This is a story of one of the greatest heists in modern American history. Five years ago a small group of trial lawyers became fabulously wealthy off of other people’s pain and suffering, and it looked like they got away with it.

But maybe not.

I am referring to the 1998 tobacco litigation agreement reached between states and tobacco companies. This famous legal settlement required the tobacco companies to reimburse states nearly $250 billion over 25 years for the smoking-related health care costs incurred by state financed Medicaid programs.

In that deal, a small gang of several hundred trial lawyers walked off with settlement money of an estimated $10- to $15 billion. If you filled Madison Square Garden with people who made $1 million, their total wealth would be slightly less than what the trial lawyers received in these settlements.

And so, as it turns out, the grand winner from these tobacco settlement cases was not the smokers who got cancer or heart disease. It was not their families. It was not taxpayers. It was not states and cities, which bore the health costs. It was lawyers — about 500 of them. Some lawyers received more than $50,000 an hour in contingency fees for lawsuits that never even went to court.

Never before have so many billionaires been created out of thin air overnight. And in the past five years these tobacco lawyers have bought luxury yachts, Rolls Royce autos, Citation jet planes, and politicians (through millions of dollars of campaign contributions). “These fees were outrageously excessive,” fumes Michael Horowitz, a legal expert at the Hudson Institute. “This money should have gone to states, not to make billionaires out of lawyers.”

But this grotesque story of lawyer avarice may have a happy ending after all. Last month, two Republican senators — Jon Kyl of Arizona and John Cornyn of Texas — decided to take on the trial bar by demanding that a good chunk of the tobacco settlement lawyer fees be returned to states from whom it was pilfered. Senators Kyl and Cornyn have discovered that the multi-billion dollar settlements awarded the trial lawyers violate legal ethics rules.

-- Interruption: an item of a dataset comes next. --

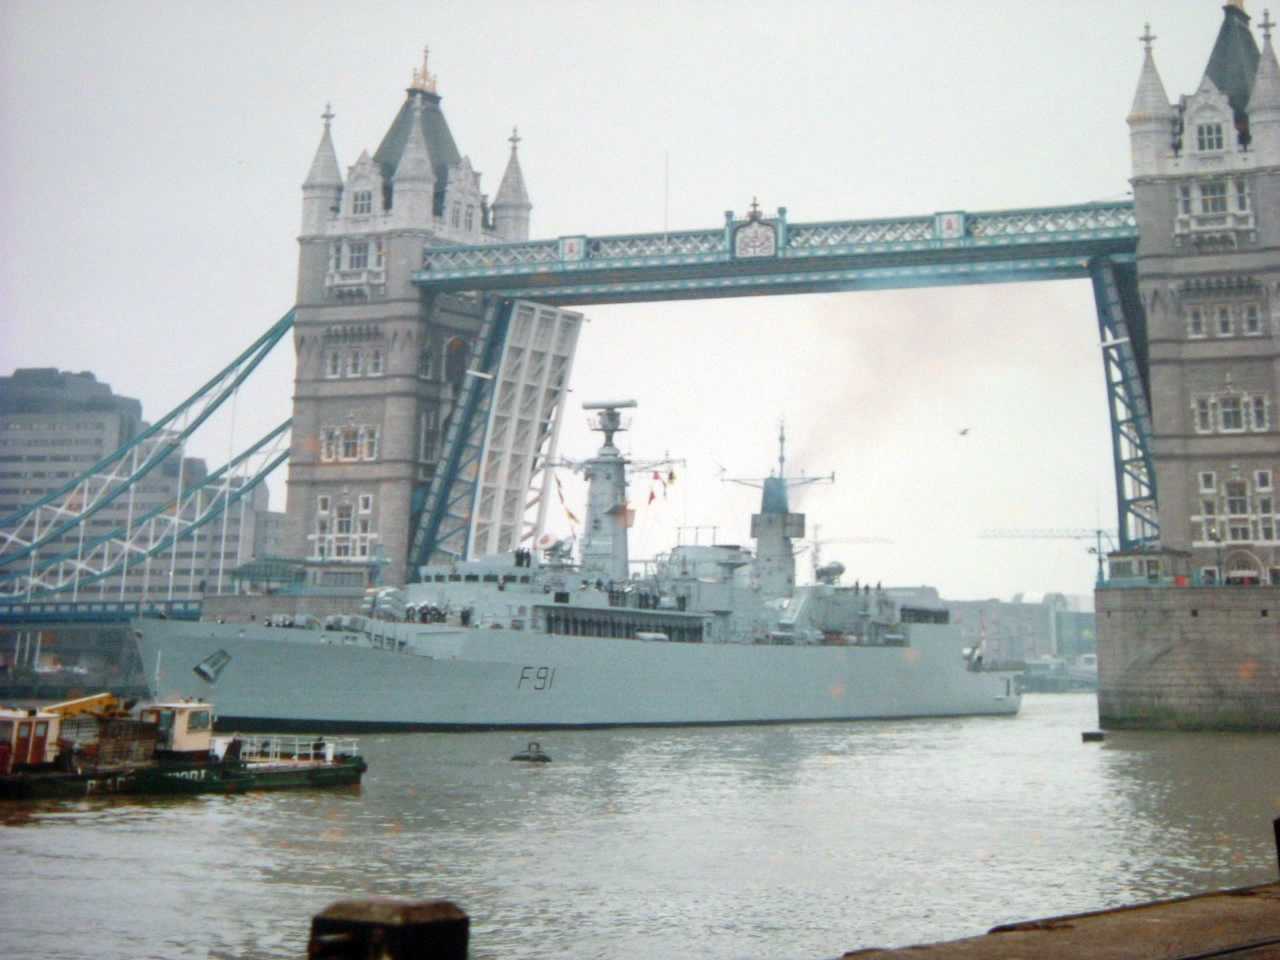 HMS Brazen going under the Tower Bridge in London
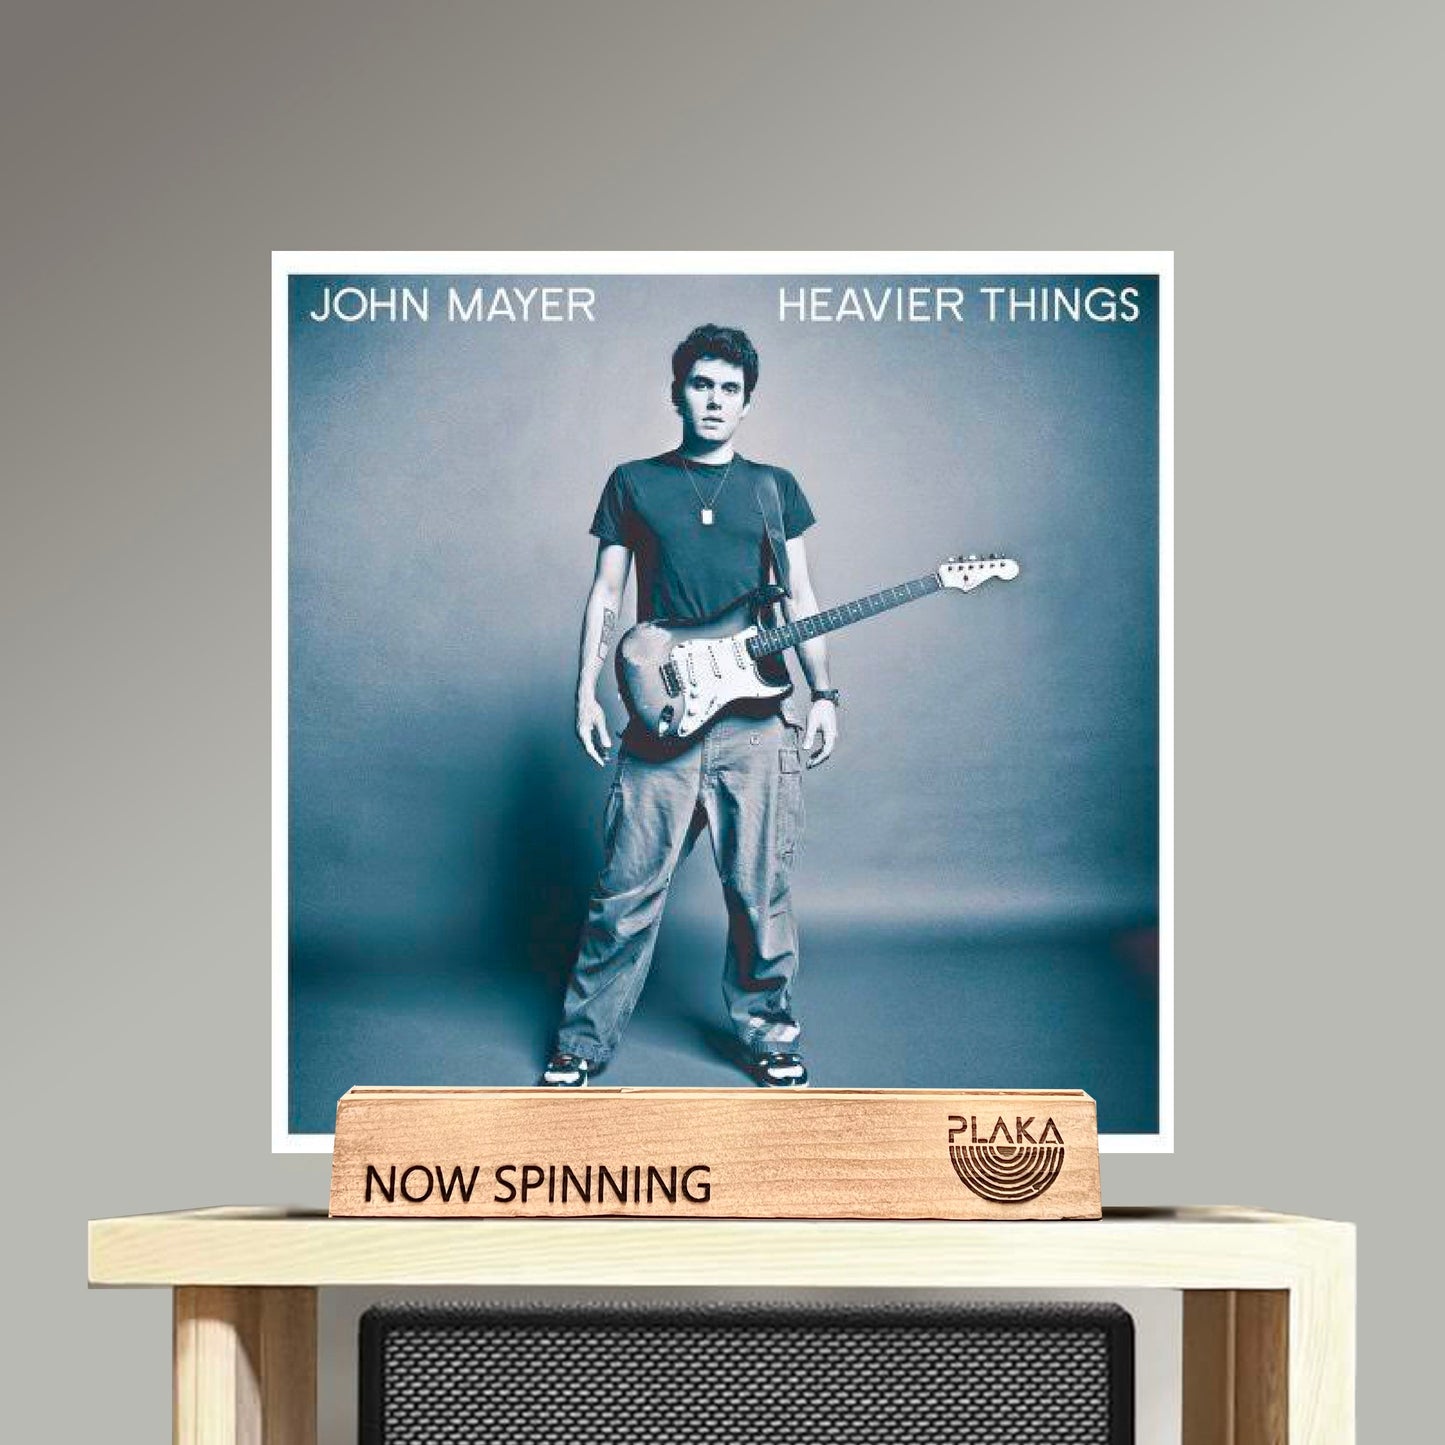 John Mayer - Heavier Things

Under decades of legal precedent, lawyers are prohibited from receiving fees that are “excessive or unreasonable.” If there were ever a case of unreasonable fees it is this one. As a Missouri Court has ruled: “Reasonableness is an implied term in every contract for attorney’s fees.”

Here is what Kyl and Cornyn propose. If a reasonable fee of $400 an hour were to be applied, and if the tobacco lawyers were permitted to receive settlement money that paid them a contingency fee of even five times that amount (i.e., $2,000 an hour in fees), the states will be able to recapture a net present value of an estimated $9 billion from the tobacco lawyers. And that is money that many indebted states can use to help balance their budgets that are awash in red ink.

Kudos to Kyl and Cornyn. They are trying to right an egregious wrong.

They have come up with a formula in which everyone wins. States win because they get $9 billion. Children win because some of this money will be used for anti-smoking campaigns to educate school kids on the dangers of smoking.

Our health care system wins because some of this money can be used to develop cures for cancer and heart disease.

And trial lawyers still win a magnificent pot of gold — just one that will make most of them millionaires, rather than hundred millionaires.

They will still receive fees that will pay them more for an hour’s work than what many American workers earn in a month. And for this the bar association will moan and complain about the injustice of it all.

This will be a wonderful test of the priorities of the Democrats in Congress, who are largely funded with trial-lawyer dollars. Will the Daschle Democrats side with states and cities and children and cancer patients, or will they side with their millionaire benefactors. Let us hope that for once common sense prevails over the persuasive power of political contributions.